_Task data_
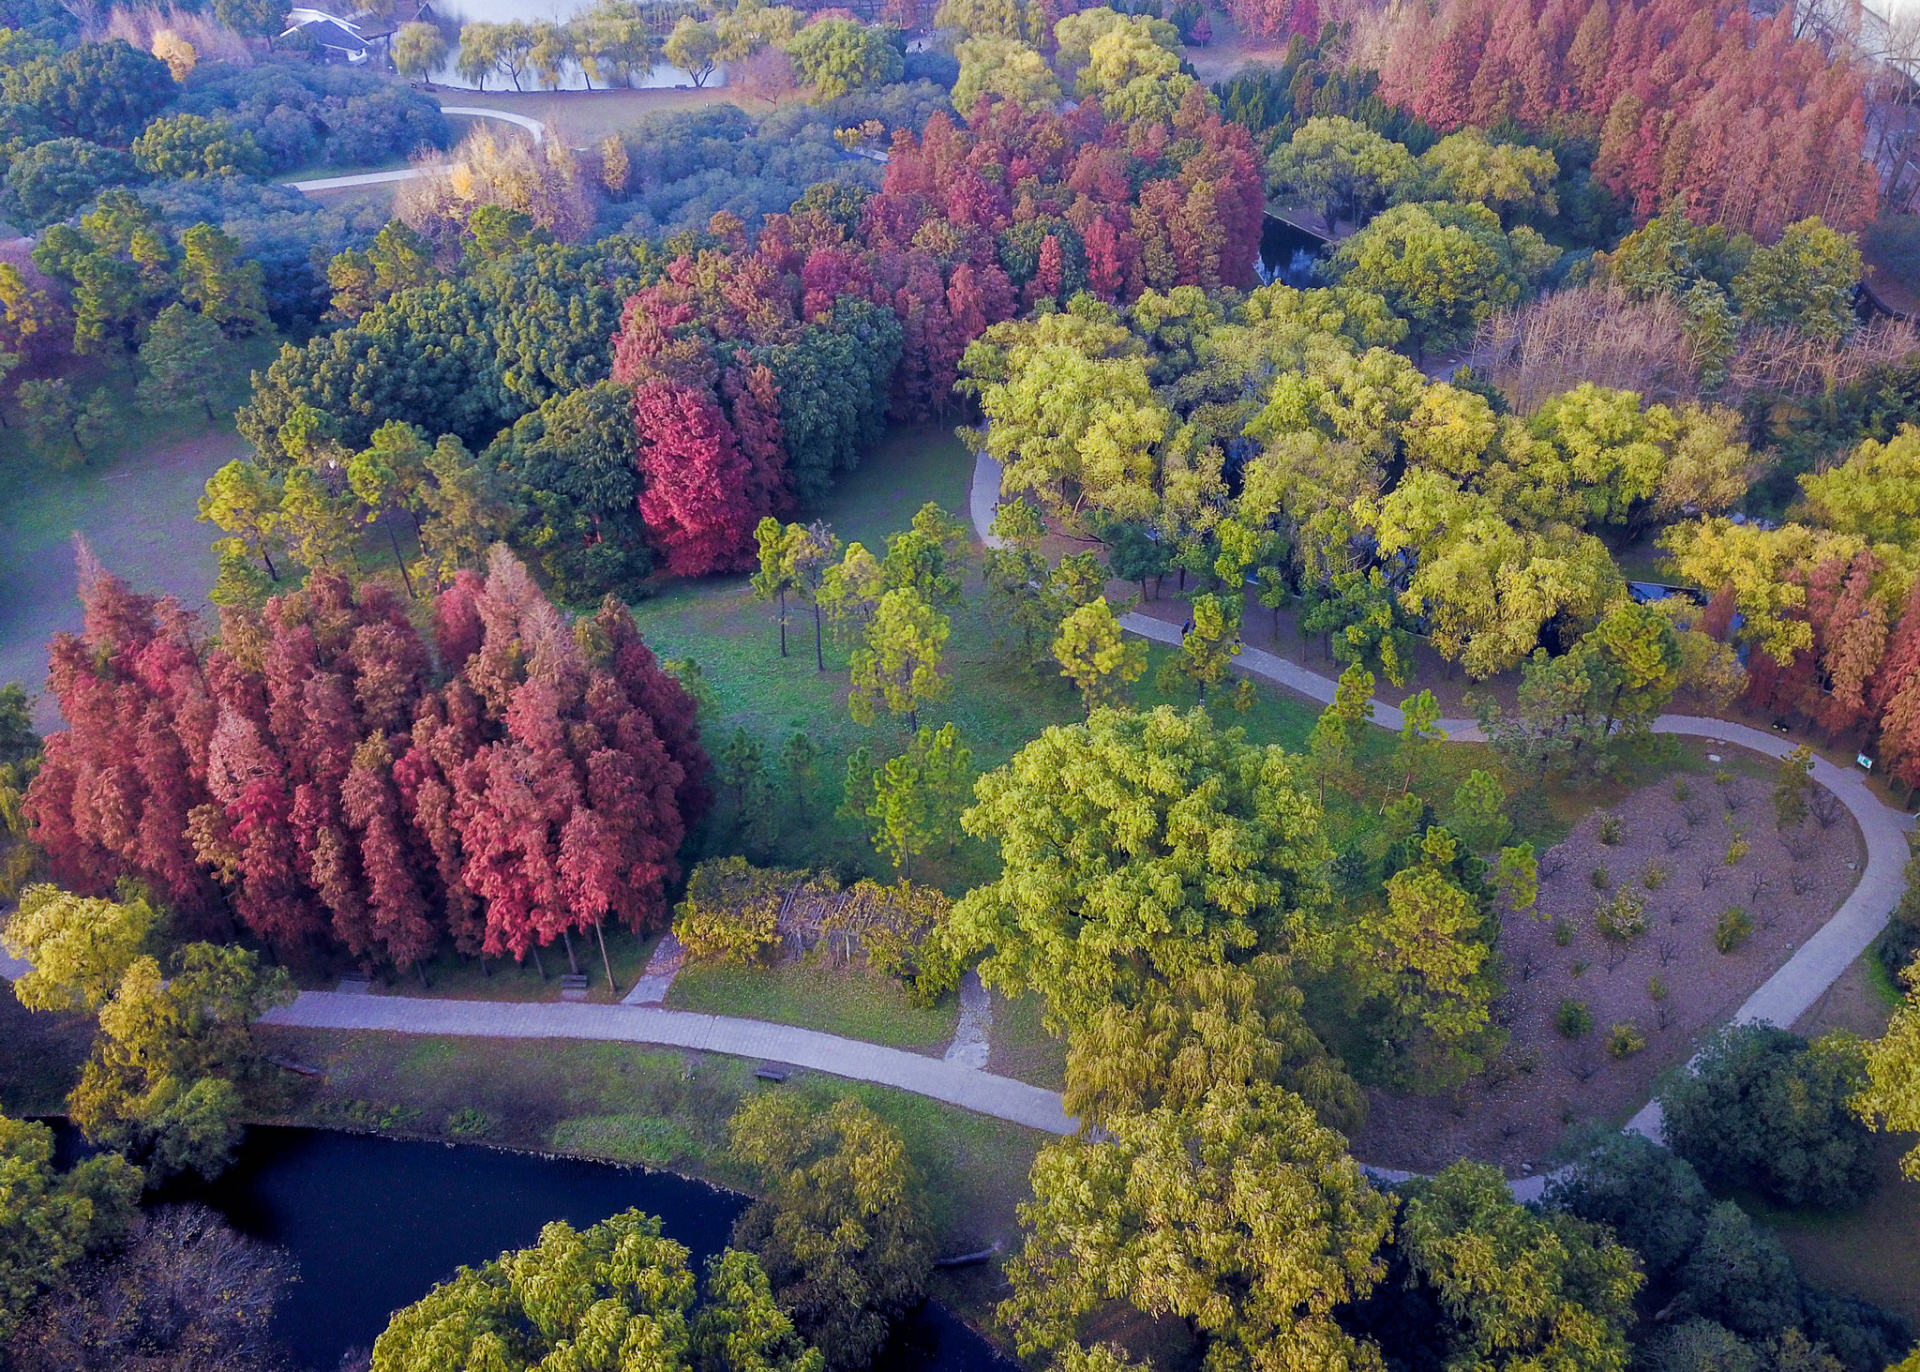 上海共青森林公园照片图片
==
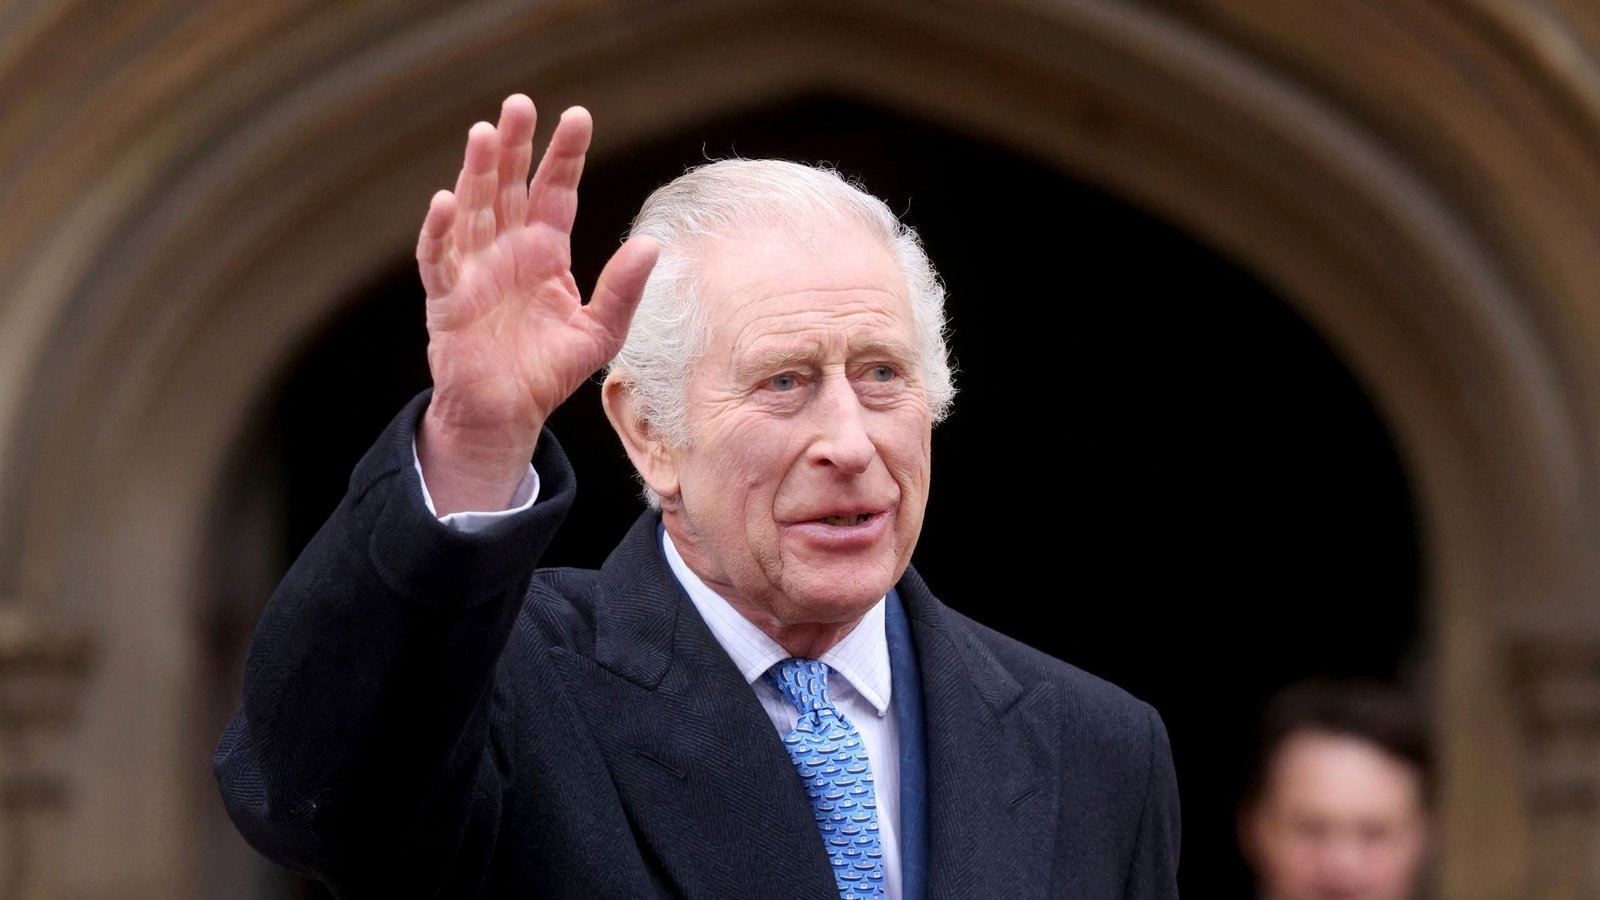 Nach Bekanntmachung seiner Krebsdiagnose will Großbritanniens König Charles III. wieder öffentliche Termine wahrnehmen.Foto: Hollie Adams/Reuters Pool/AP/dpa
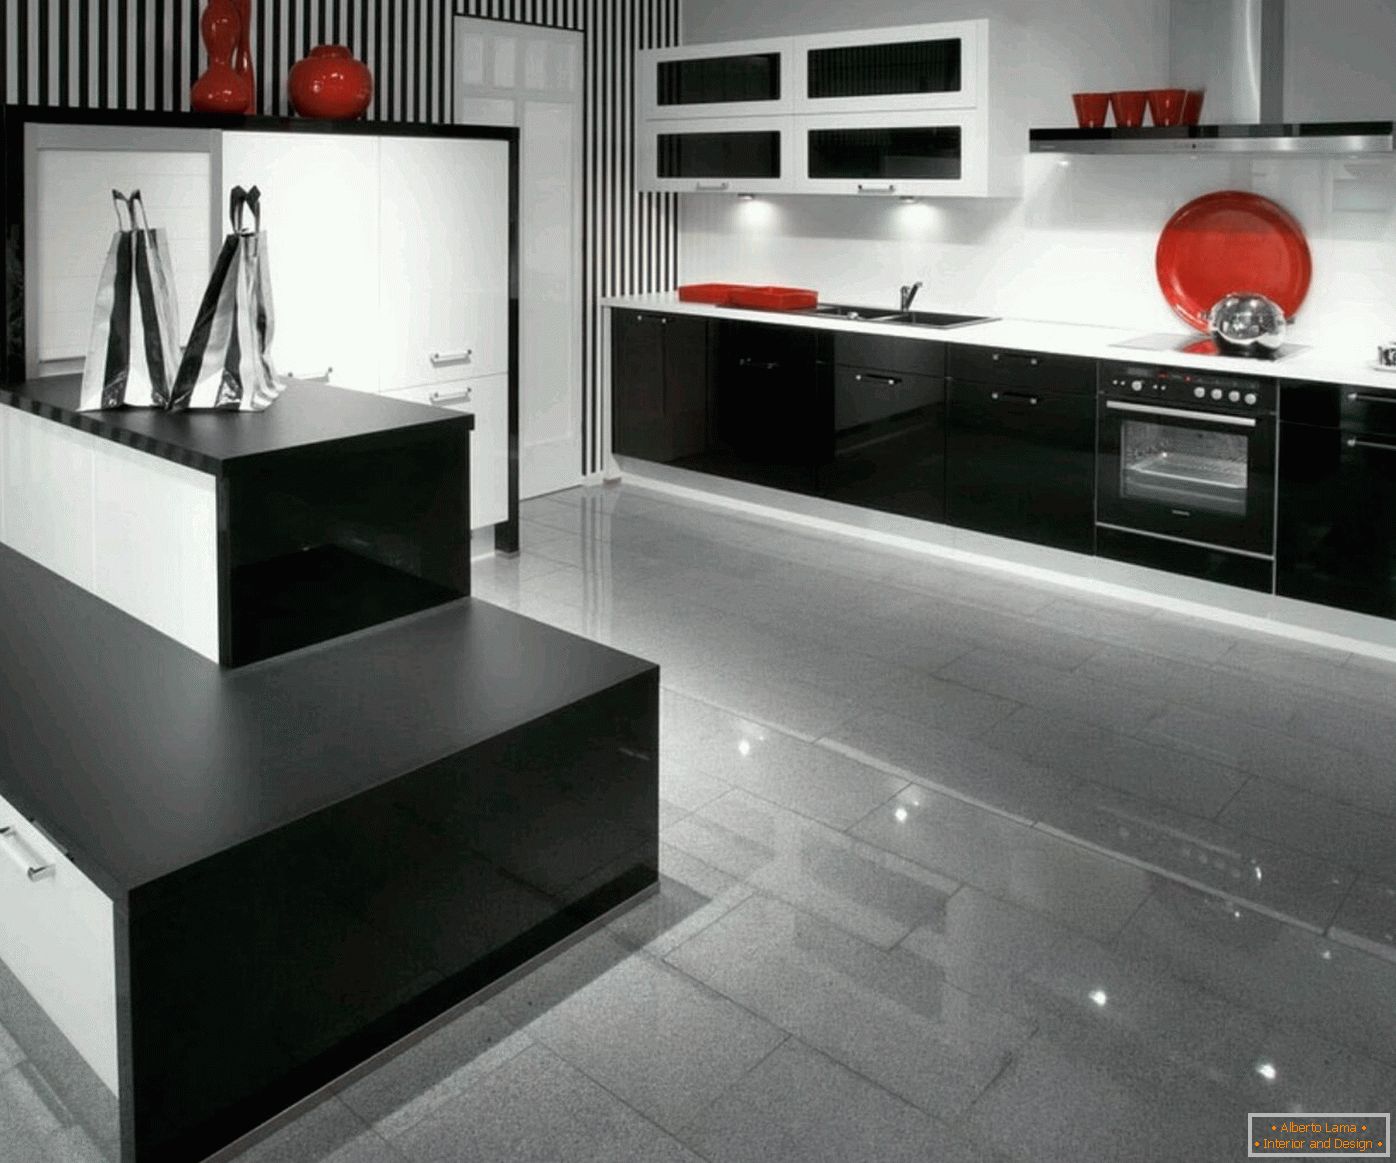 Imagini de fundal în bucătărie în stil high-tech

_Task_
Each line from the one that contains "Nach Bekanntmachung seiner" down to the one that contains "Imagini de fundal" is to be returned exactly as it stands above, both ends included, with pictures removed.

_Solved problem_
 Nach Bekanntmachung seiner Krebsdiagnose will Großbritanniens König Charles III. wieder öffentliche Termine wahrnehmen.Foto: Hollie Adams/Reuters Pool/AP/dpa
 Imagini de fundal în bucătărie în stil high-tech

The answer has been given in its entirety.